# Slow release energy food HELP ME!!!!!!!!!!!!!!!!!!!!!



## Vickijay (19 March 2009)

Hi,
My TB is working very hard now and is a lazy bones! He eats pasture mix, balancer and some alfa a. Tried him on a few oats and hes being a silly head now!
I spoke to D&amp;H and they said he should eat staypower muesli. Has anyone fed that? Is there something simular or better? 
I need to give him more energy as im getting tired of kicking but would rather not get bucked off and have horse running round field like a idiot lol (ps that was on 1/4 scoop of oats per feed, 2 feeds a day!)
What do you recon??
Thanks x


----------



## Inchy (19 March 2009)

perhaps try a different cereal...one of mine is a nutter on oats but fine on barley.


----------



## _Acolyte_ (19 March 2009)

I'm currently feeding D&amp;H staypower cubes - seem to suit my TB at the moment, but then I have changed a lot about his diet so it may be the other factors!

I changed him from Alfa A Oil to Hi Fi Lite, from Baileys No 4 cubes to D&amp;H Staypower Cubes, and added NAF Magic to his diet.... oh and I changed his bit to a KK one....
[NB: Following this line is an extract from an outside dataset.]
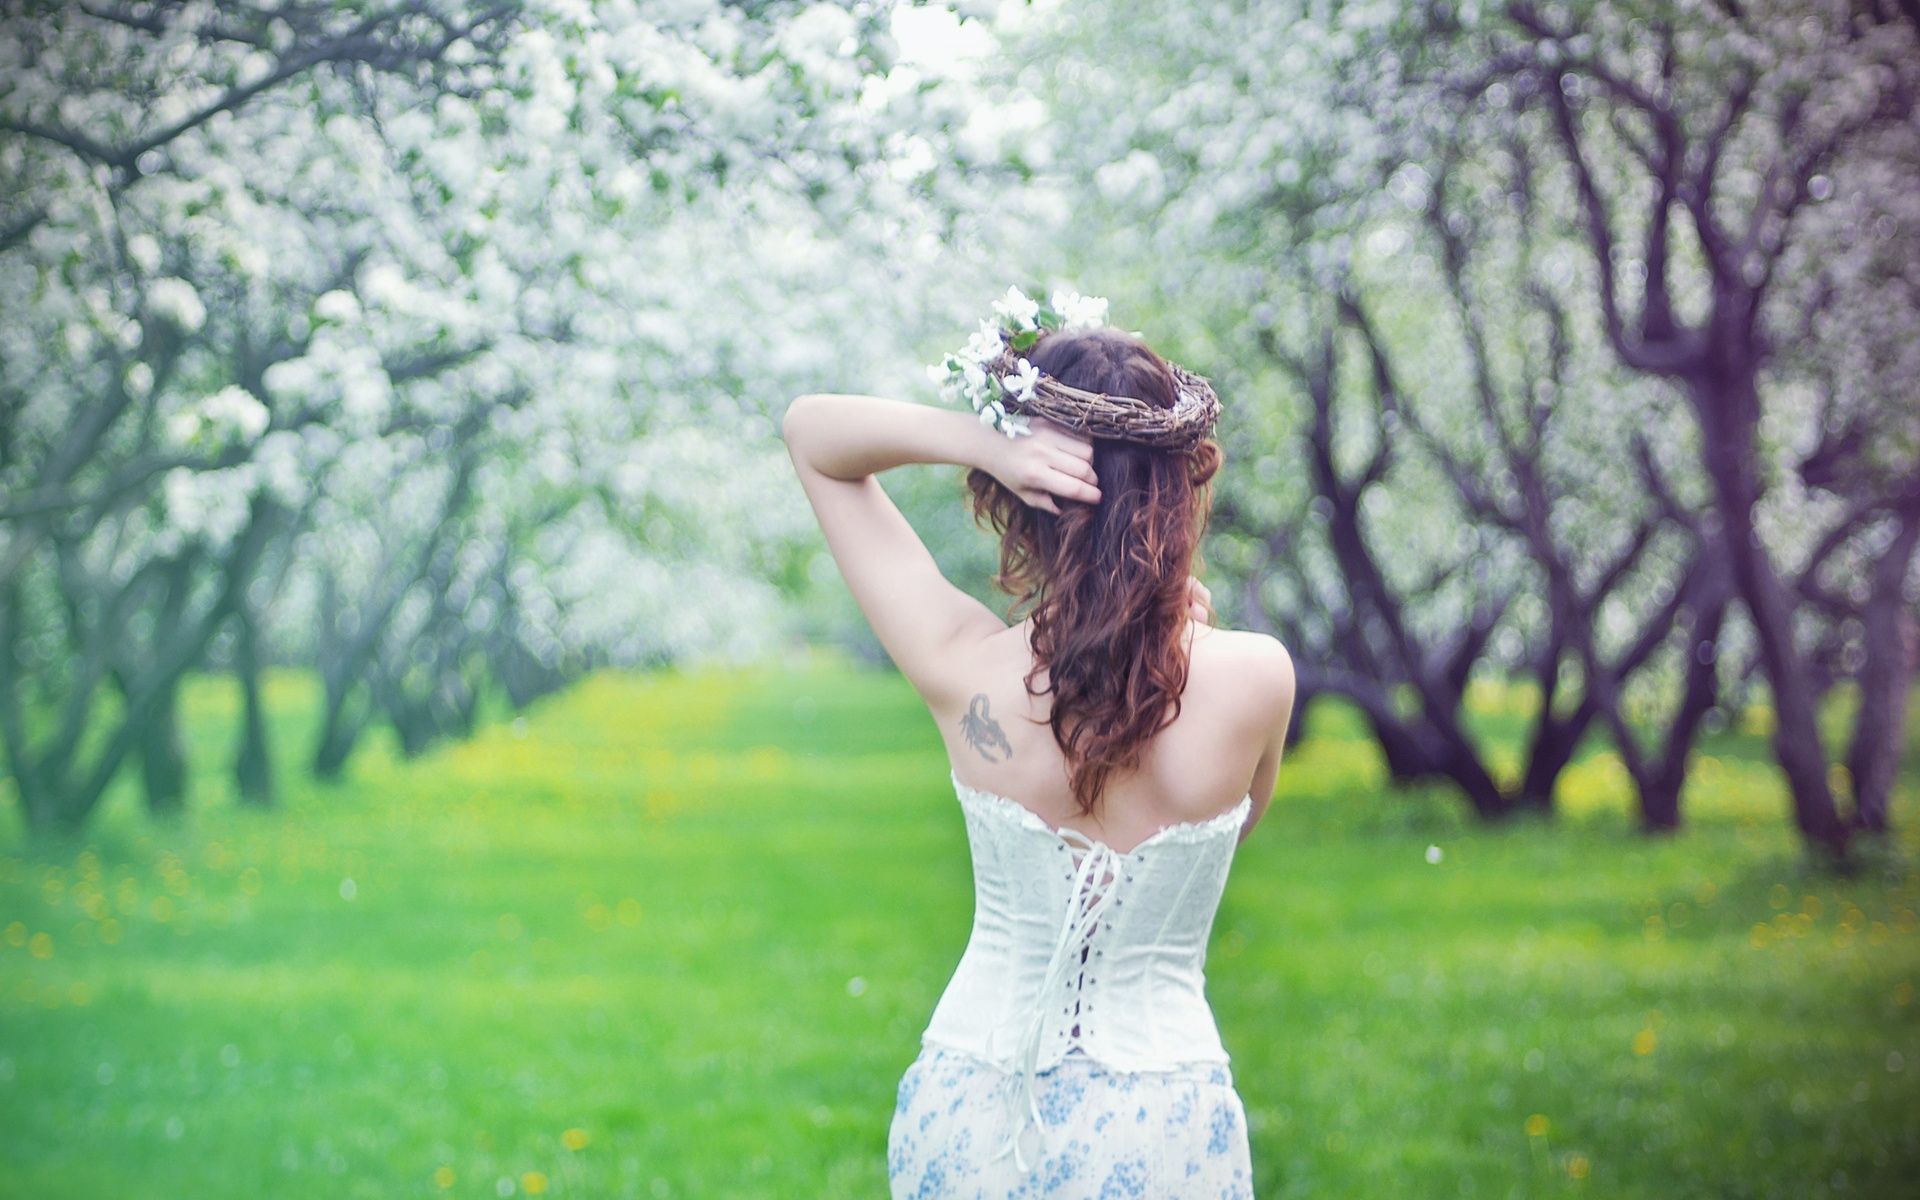 gothic, Spring, Seasons, Orchard, Trees, Blossoms, Flower, Grass, Photography, Dress, Witch, Occult, Dress, Corset, Shoulder, Pale, People, Mood, Brunette, Tattoo, Women, Females, Girls, Models, Babes, Style, Sen Wallpaper

Some or all of those changes have resulted in him being a LOT less tense and a lot better behaved  
	
	
		
		
	


	




  I just have no idea which one(s) it is, but I am glad to have a good result  
	
	
		
		
	


	




  My TB could never ever be called lazy though


----------



## teddyt (19 March 2009)

Oats are lower in energy than barley and maize but it is released into the bloodstream quicker, hence more chance of fizziness. For energy without fizz you need to look for fibre and oil not cereal (starch) based feeds
Higher energy but slow release feeds include: Top spec cool condition cubes, unmollassed sugar beet, coolstance copra meal.


----------



## martlin (19 March 2009)

QR I find Spillers Response Slow release range better than D&amp;H Staypower.


----------



## Vickijay (19 March 2009)

Have you tried both? There is also Baileys no6 which seems to look pretty good.
too many to choose from!


----------



## martlin (19 March 2009)

Yep, I have tried both and now I am a Spillers devotee, but I suppose different things suit different horses... However, I have 7 of them and all have Spillers/chaff/oil in different quantities and they all are great on it, if I need some sparkle I add a bit of oats or barley.


----------



## indi4 (22 March 2009)

Spillers do a slow realse comp mix.  I find it works really well on sharpe horses as it gives them a bit more energy without making them silly.


----------



## toomanyhorses26 (22 March 2009)

Endurance mixes are good for that sparkle but not uncontrollable energy . Mine looked fab on a conditioning mix but no energy when ridden and was a little git on a proper competition mix but the nedurance seems to give the best of both worlds


----------



## henryhorn (22 March 2009)

We have good results with equijewel , it seems to give "oomph" without fizz..


----------